• Try it
Looking at the listing below, retype exactly the lines starting at the one containing "mtsooning 4Pcs TPMS" and ending at the one containing "Blue Quartz one", both included, and nothing else.

• Data listing
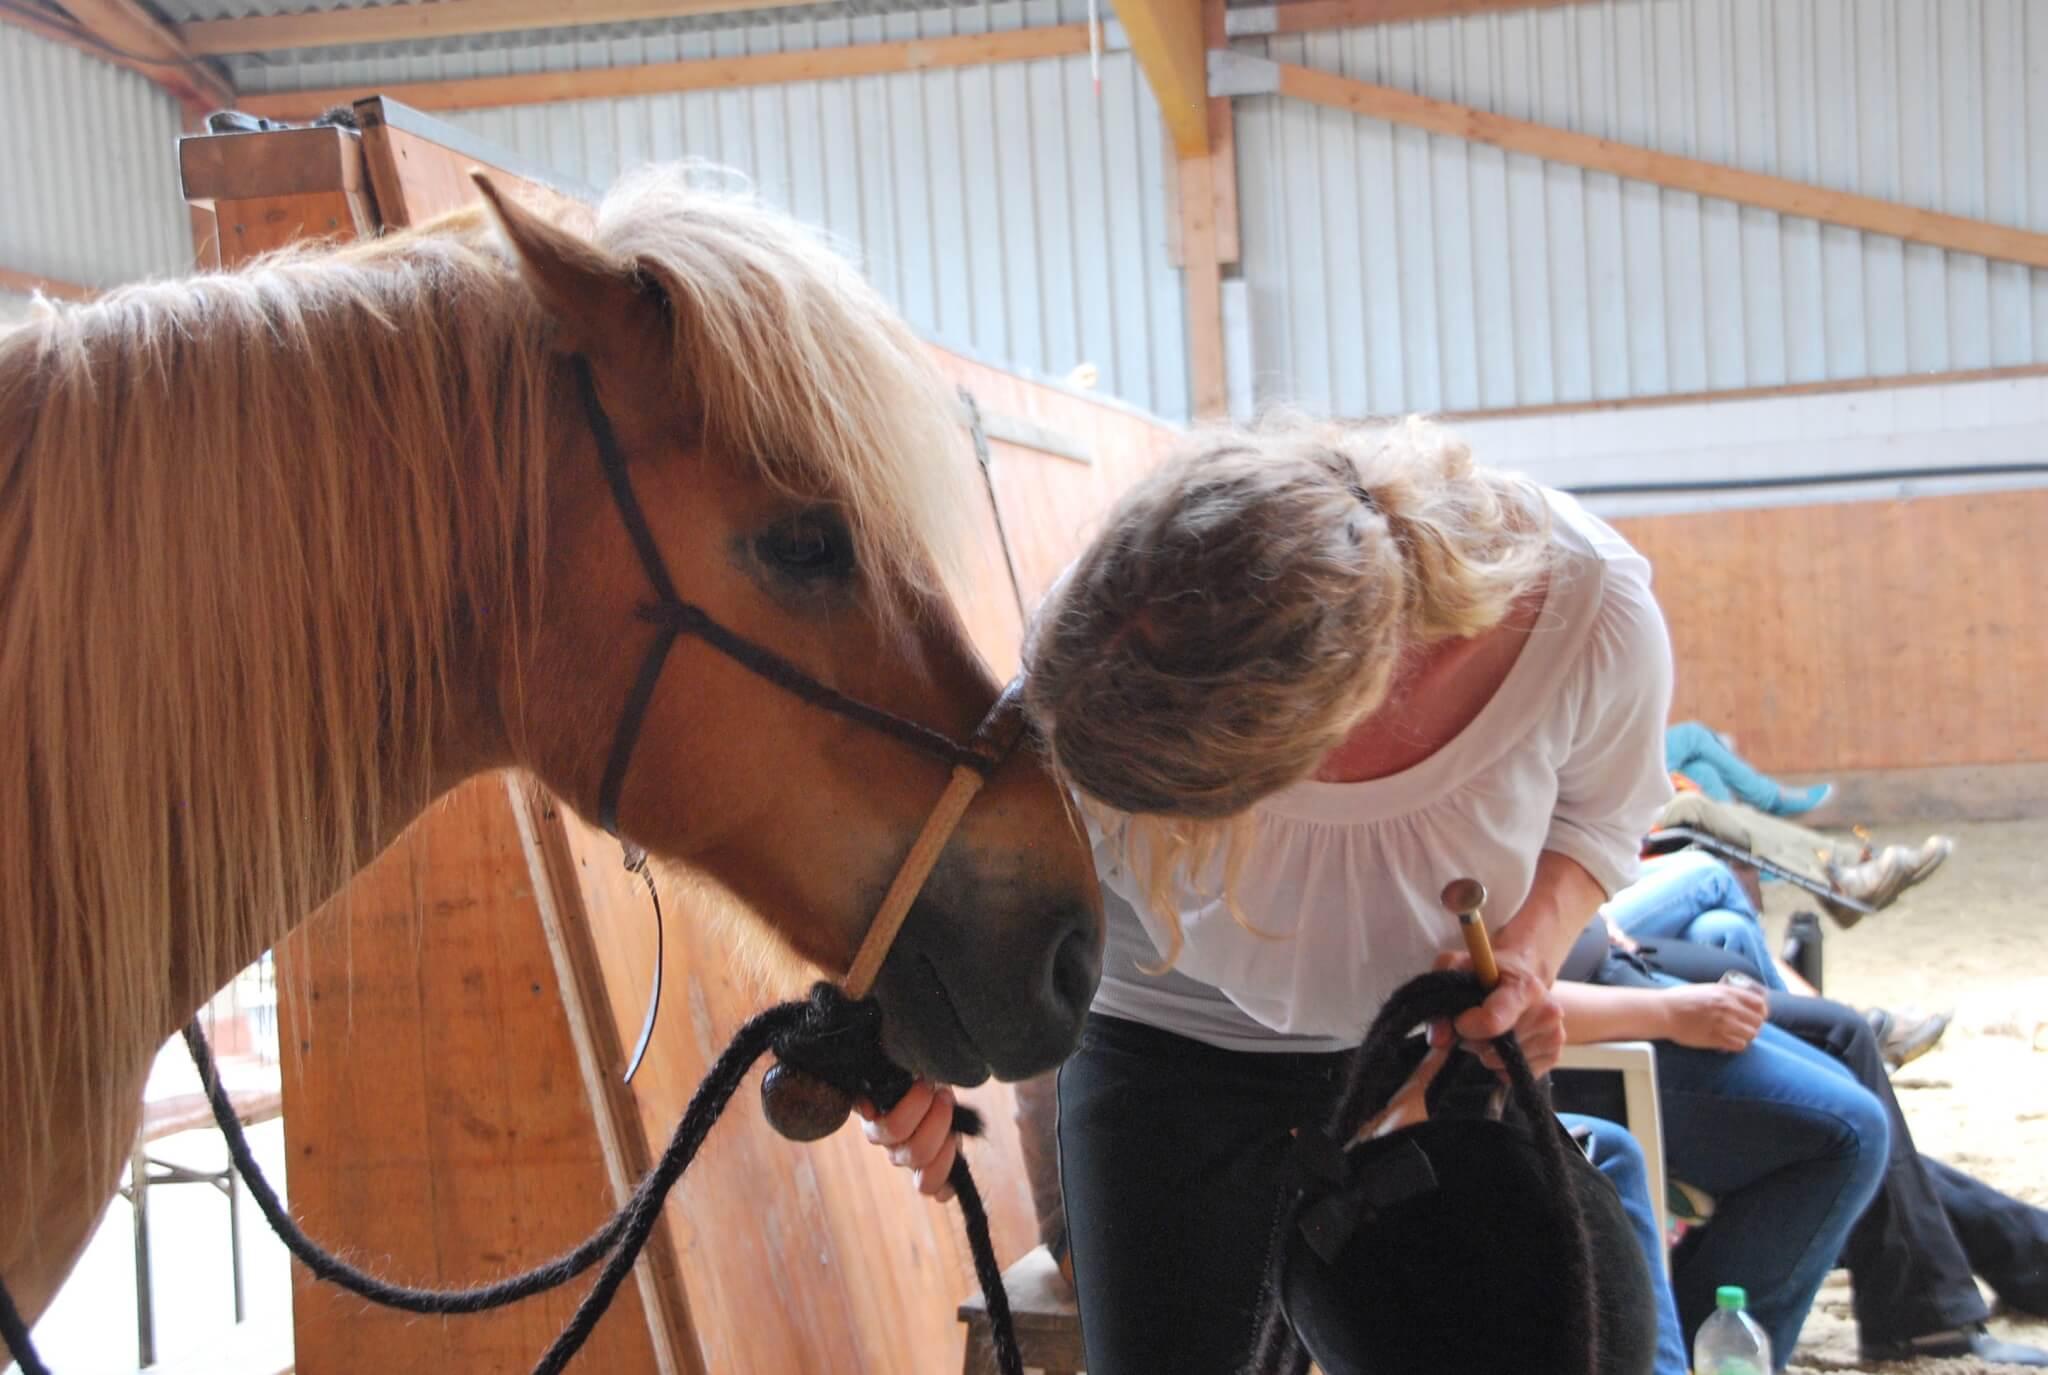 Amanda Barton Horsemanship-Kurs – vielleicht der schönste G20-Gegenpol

---

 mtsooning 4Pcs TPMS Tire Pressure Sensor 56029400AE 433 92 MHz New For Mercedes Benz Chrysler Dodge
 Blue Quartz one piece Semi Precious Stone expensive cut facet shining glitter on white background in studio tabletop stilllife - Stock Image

• Exercise result
 mtsooning 4Pcs TPMS Tire Pressure Sensor 56029400AE 433 92 MHz New For Mercedes Benz Chrysler Dodge
 Blue Quartz one piece Semi Precious Stone expensive cut facet shining glitter on white background in studio tabletop stilllife - Stock Image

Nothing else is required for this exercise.